Second, our results offered insight into the association strength between scene viewing and each clinical measure, and a tangible representation of the scene scan patterns that are associated with higher and lower ADD, autism, and dyslexia scores. Broadly, SRSA was able to more accurately predict clinical trait measures that are more directly associated with atypical attention (e.g., ADD [12, 47, 48] and autism [49, 50]) than those which are thought to be more heterogeneous (e.g., dyslexia; [51, 52]). That is, we hypothesize that dyslexia scores had the weakest association with scene scan patterns due to the heterogeneity of the disorder and because it is a language-based disorder [53, 54]. The prediction performance we did observe in the dyslexia weights appeared similar to the ADD weights (although noiser), and may be driven by the comorbidity between dyslexia and ADD [55, 56]. To varying degrees, higher clinical scores were associated with vertical scene scan patterns that were biased toward the center third of the scene (states 2 and 3). The fact that this bias was stronger in the autism SRSA weights may be related to difficulties disengaging attention previously observed in other paradigms [57, 58] and scene viewing [5]. Future targeted work will be needed to test these hypotheses.

In agreement with [4], our results also revealed that scan patterns were more informative than the location, frequency, and/or duration of eye movements for understanding the role of viewer individual differences during scene viewing. The traditional eye metric model (See S3 Appendix and S2 Table) that used the mean and standard deviation in fixation duration, frequency, and saccade amplitude, could not account for significant variance in clinical scores. It was only when considering the extended sequential patterns between scene fixations that we were able to extract information on how gaze control was correlated with the underlying individual differences in the cognitive capacities of the viewers.
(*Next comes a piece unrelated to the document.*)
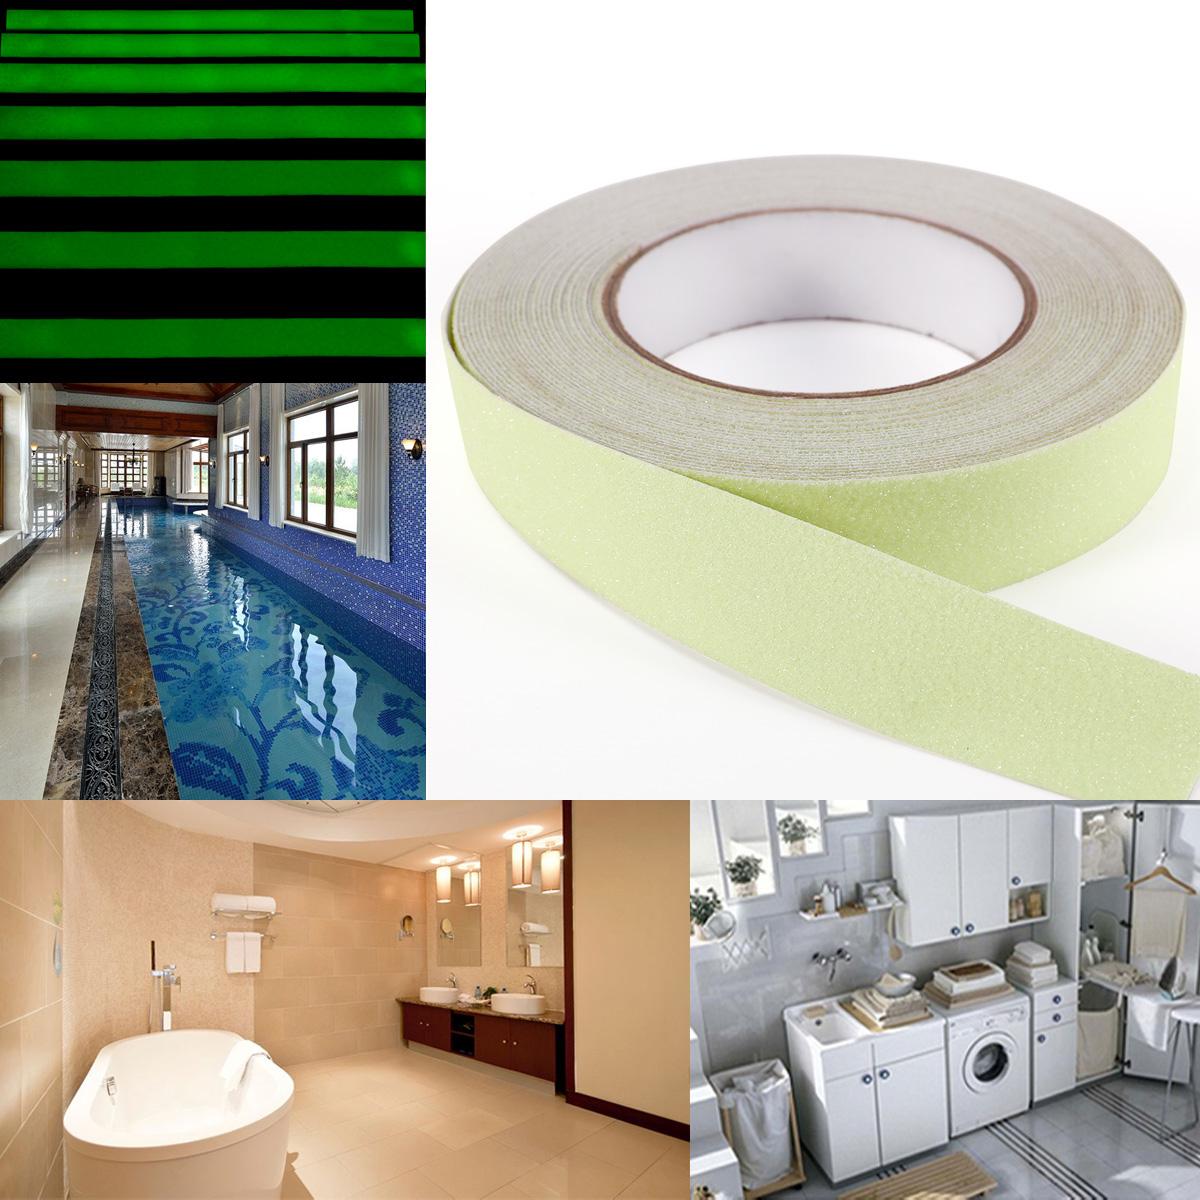 Cinta antideslizante fotoluminiscente para escaleras - Antideslizante para duchas ...

Therefore, our results suggest not only that viewer properties are an important component of gaze control during scene encoding, but that they also reinforce spatio-temporal scan pattern dynamics as a critical target measure to test future models of scene gaze control.
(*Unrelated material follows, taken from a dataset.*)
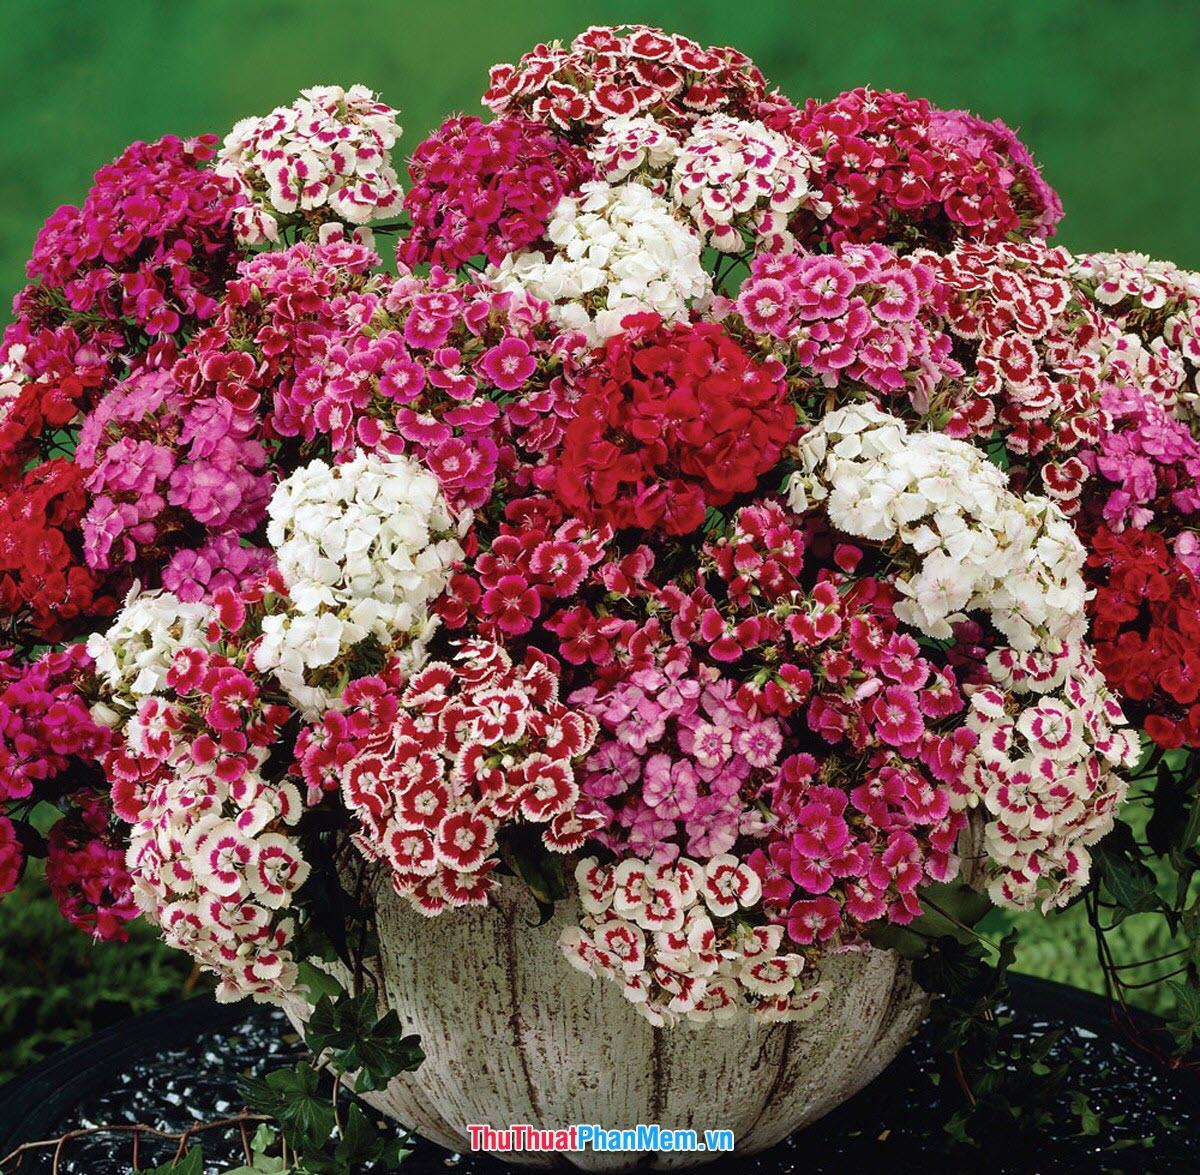 Chậu hoa cẩm chướng khoe sắc để tặng vợ và người yêu nhân ngày mùng 8 tháng 3

Finally, it is worth comparing the state space performance for predicting individual differences in cognitive capacity scores [4] versus clinical scores. The vertical state space which was the best for predicting all 3 clinical trait measures was also the best for predicting a number of cognitive capacity scores including speed of processing (trail A and trail B scores), crystallized intelligence (SAT score), and working memory capacity (reading span score). This raises the question of whether cognitive capacity mediates the relationship between clinical scores and scan patterns. To determine the strength of the association between the clinical trait measures and the cognitive capacity measures [4], we computed the squared correlation between each measure and found no evidence of a relationship (See S2 Appendix and S1 Table). But the success of the vertical state space does suggest vertical scan patterns may be particularly relevant for understanding individual differences in scene viewing behavior. The one cognitive capacity that was poorly explained by the vertical state space in [4] was fluid intelligence (Raven Advanced Progressive Matrices scores), for which the radiating state space was by far the best. In our clinical trait measures, the radiating and horizontal state space performed similarly for ADD and dyslexia measures, but the radiating state space did show an advantage for predicting autism quotient score relative to the horizontal state space.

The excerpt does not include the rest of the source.